Chromium plating

Although chromium was used in electroplating as far back as the mid 1800s, it took a breakthrough in 1924 by Fink and Eldridge of Columbia University (based on a George Sargent paper of 1920) to make it viable for widespread commercial application. Even then, it probably took the best part of a further decade for the new technique to become widely available and cheap enough to compete with alternatives such as nickel. This slow introduction is borne out by Birmingham Trade directories, which show no chromium plating companies in 1927, then one each in 1928/9, five in 1930 and twelve in 1931. As far as buttons are concerned, a Firmin catalogue from as late as 1933 only offers this finish at a 25% premium over gilt, silver plate and brass, and then only for livery buttons. [Many thanks to Rex Butler for this information].


I am currently aware of only seven badges that are definitely from the tramway era (i.e., they include 'tramway' in the title) and which are unequivocally chromium plated. I’ve listed these together with the closure dates of the respective systems:
  • Brighton Corporations Tramways cap badge - 1939 - see link
  • Halifax Corporation Tramways cap badge - 1939 - see link
  • Liverpool City Tramways cap badge - 1957, however, a style of badge which was superseded in 1934 - see link
  • Manchester Corporation Tramways cap badge - 1949 - see link
  • Nottingham Corporation Tramways cap badge - 1936 - see link
  • Oldham Corporation Tramways cap badge - 1946 - see link
  • Wallasey Corporation Tramways cap badge - 1933 - see link (lugs chromium plated as well)

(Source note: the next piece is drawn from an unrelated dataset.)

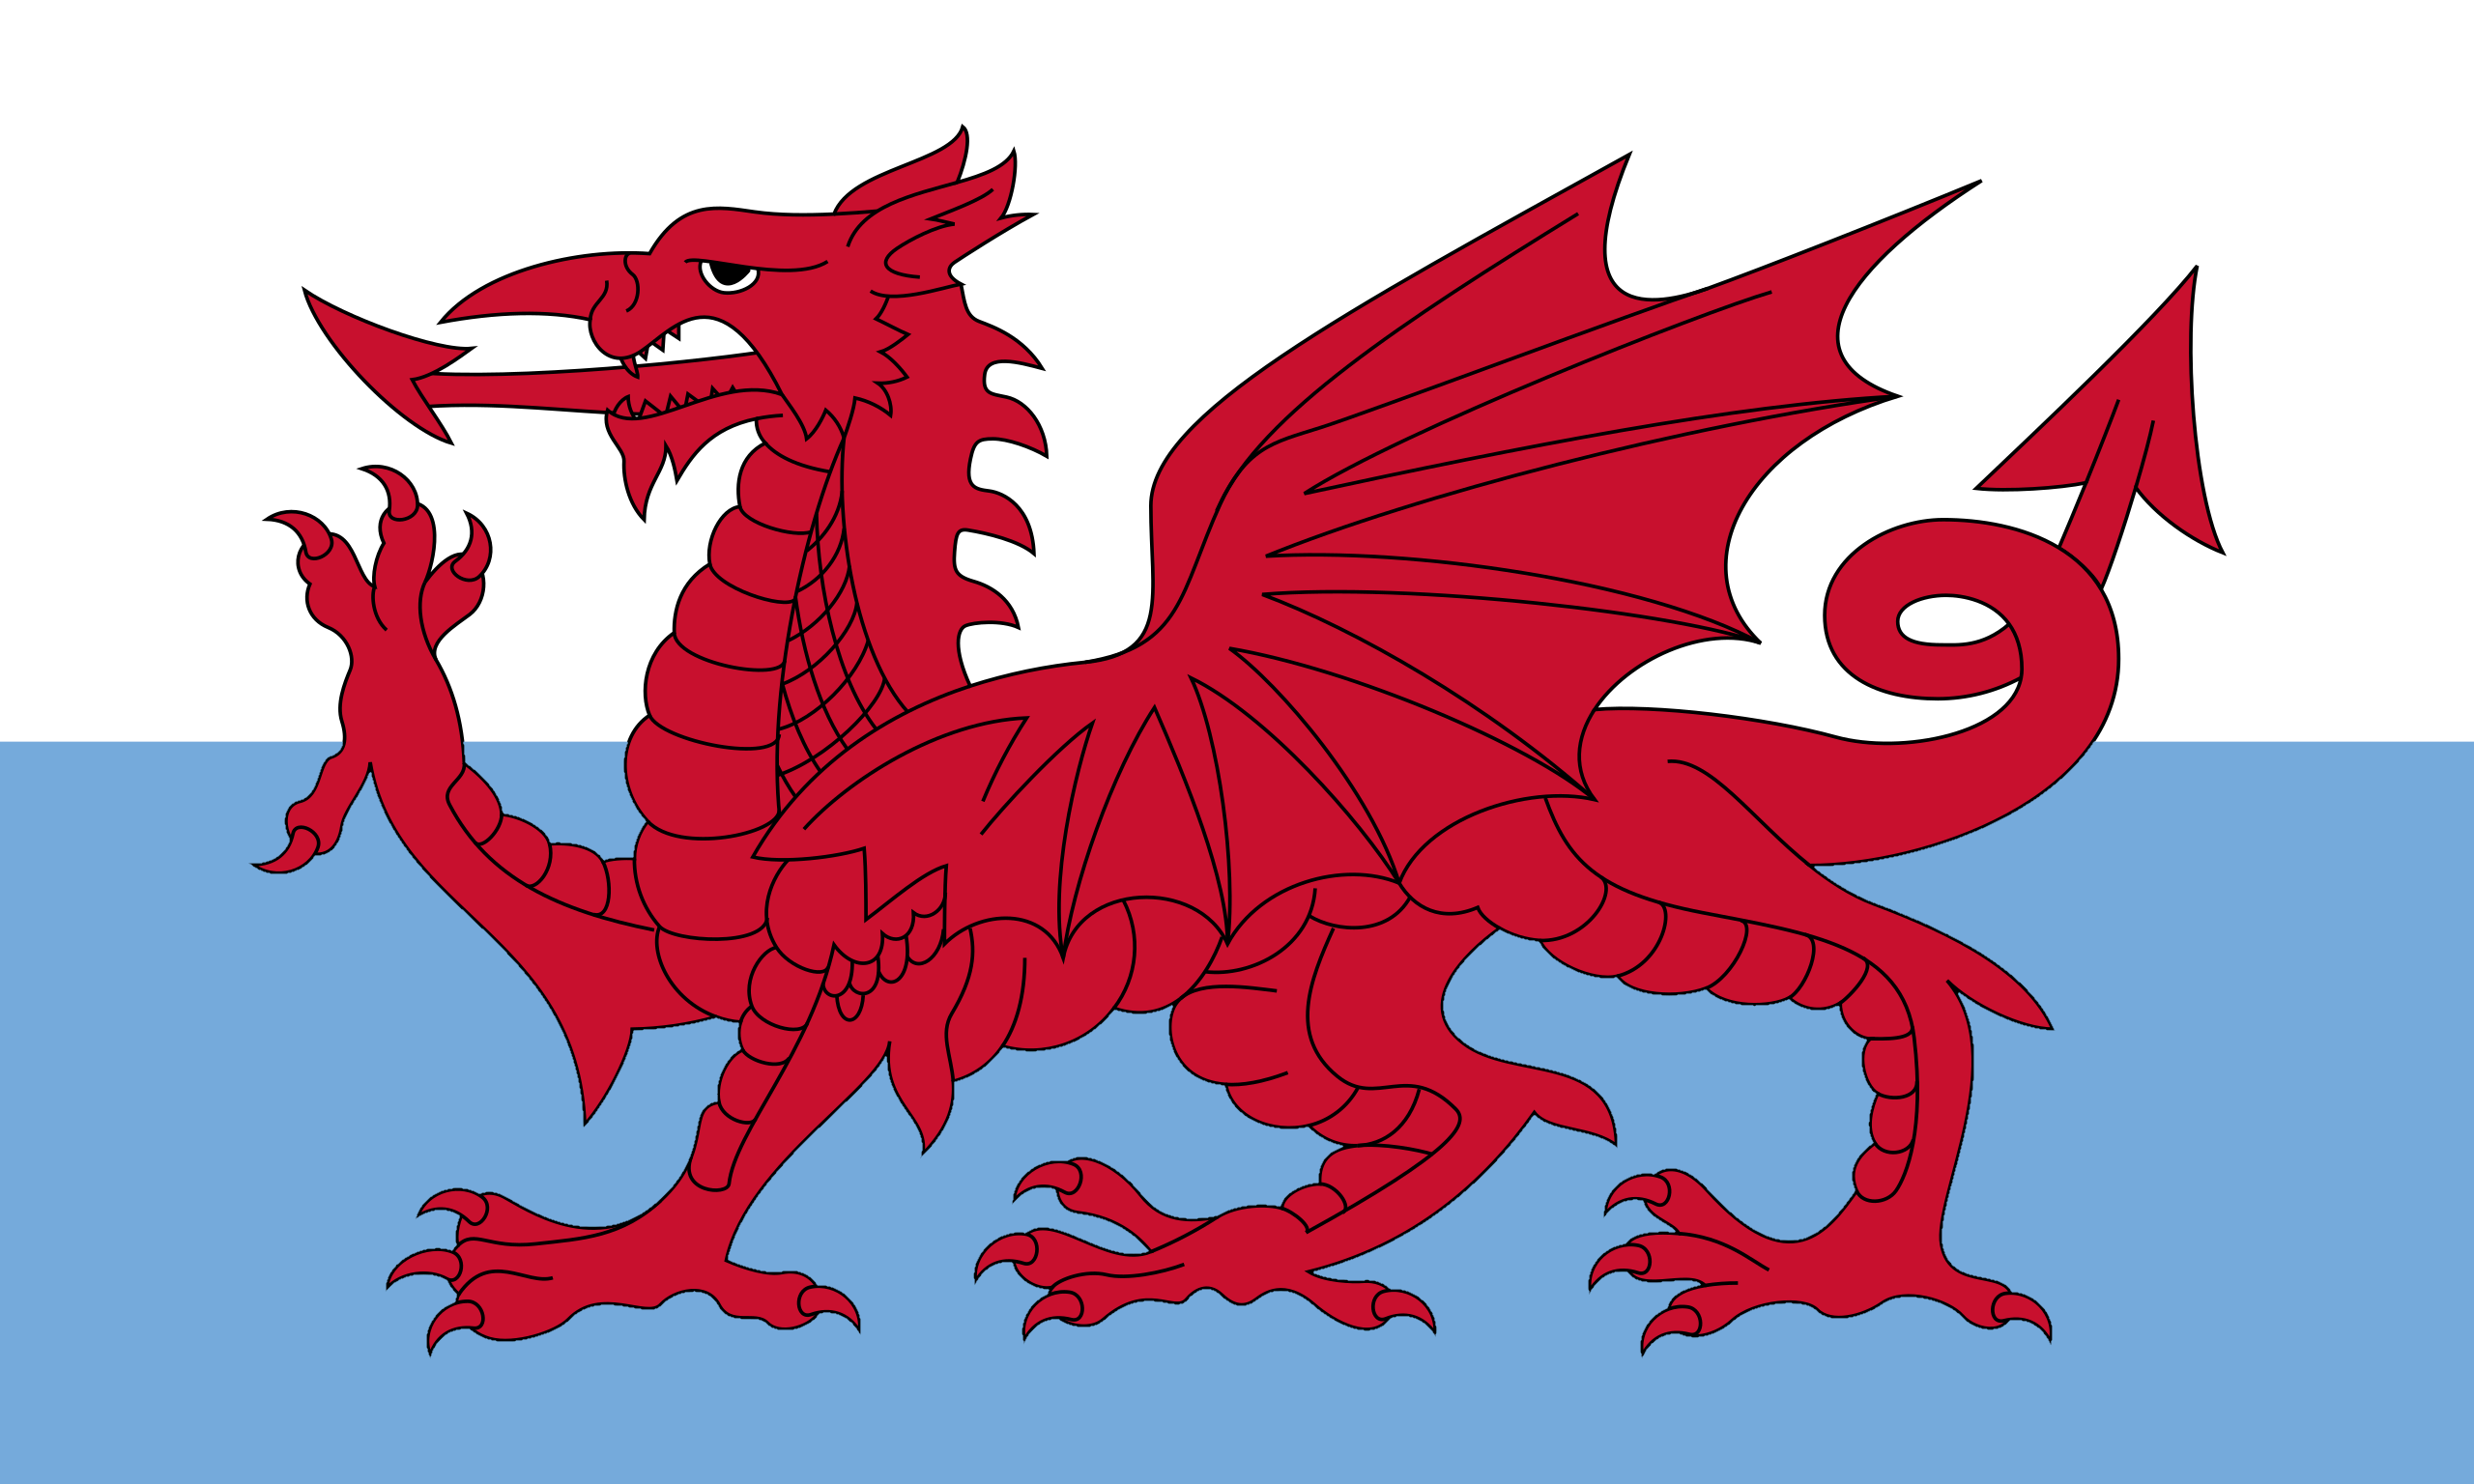 Flag_of_New_Wales.svg.png

These dates tentatively suggest that chrome badges were first introduced in the early 1930s, though the use of this material was certainly not widespread.

I have examples of several buttons that have almost certainly been finished/manufactured in nickel or brass and have at some point subsequent to this been subjected to ‘chroming’, very probably by a collector. The tell-tale signs are heavy chroming of the front, back and shank, and/or a very heavy shiny finish that obscures the design or even covers what was evidently an already worn front. The following can therefore safely be discounted as genuine:
  • Accrington Corporation Tramways
  • Blackburn Corporation Tramways
  • Lincoln Corporation Tramways
  • Nottingham Corporation Tramways
  • Salford Corporation Tramways
  • Sheffield Corporation Tramways

Buttons which appear genuine, ie, have a chrome front, but a brass back and shank, are listed below, together with the respective closure dates for the systems:
  • Blackpool Corporation Tramways - still open
  • Bolton Corporation Tramways - 1947
  • County Borough of Newport Tramways - 1937
  • Coventry Corporation Tramways - 1940
  • Edinburgh Corporation tramways - 1956 (1-piece construction with chrome shank)
  • Exeter Corporation Tramways - 1931
  • Great Yarmouth Corporation Tramways - 1933
  • Grimsby Corporation Tramways - 1937
  • Huddersfield Corporation Tramways - 1940
  • Leicester City Tramways - 1949
  • Lowestoft Corporation Tramways - 1931 (Lowestoft apparently continued to issue uniforms bearing 'tramway' buttons and badges for over two decades following closure, which no doubt explains the large number of chrome buttons which have survived)
  • Norwich Electric Tramways - 1935
  • Portsmouth Corporation Tramways - 1936
  • Rotherham Corporation Tramways - 1949
  • Stockport Corporation Electric Tramways - 1951
  • Warrington Corporation Tramways - 1935
  • Wigan Corporation Tramways - 1931
  • Yorkshire (West Riding) Electric Tramways - 1932

Perhaps the most interesting of these are Wigan, due to its early closure date, and Stockport. Although the latter closed as late as 1951, the corporation actually changed its armorial device in 1932, and all known chrome buttons bear the old device, suggesting that they were manufactured before 1932. Wigan also changed its armorial device, but in 1922, which is clearly too early for chroming, yet all known buttons bearing the newer device are chrome. One explanation for this may be that the corporation waited until it had issued/exhausted stocks of the older buttons before ordering replacements with the newer design, but then in chrome.

Taken together, the above suggests that chrome-plated buttons first made their appearance in the very late 1920s and early 1930s, only becoming more widespread as that decade wore on. This still leaves certain puzzles, for example, why on earth operators like the Yorkshire (West Riding) Electric Tramways and Exeter Corporation Tramways would have gone to the extra expense of chrome when closure was probably imminent.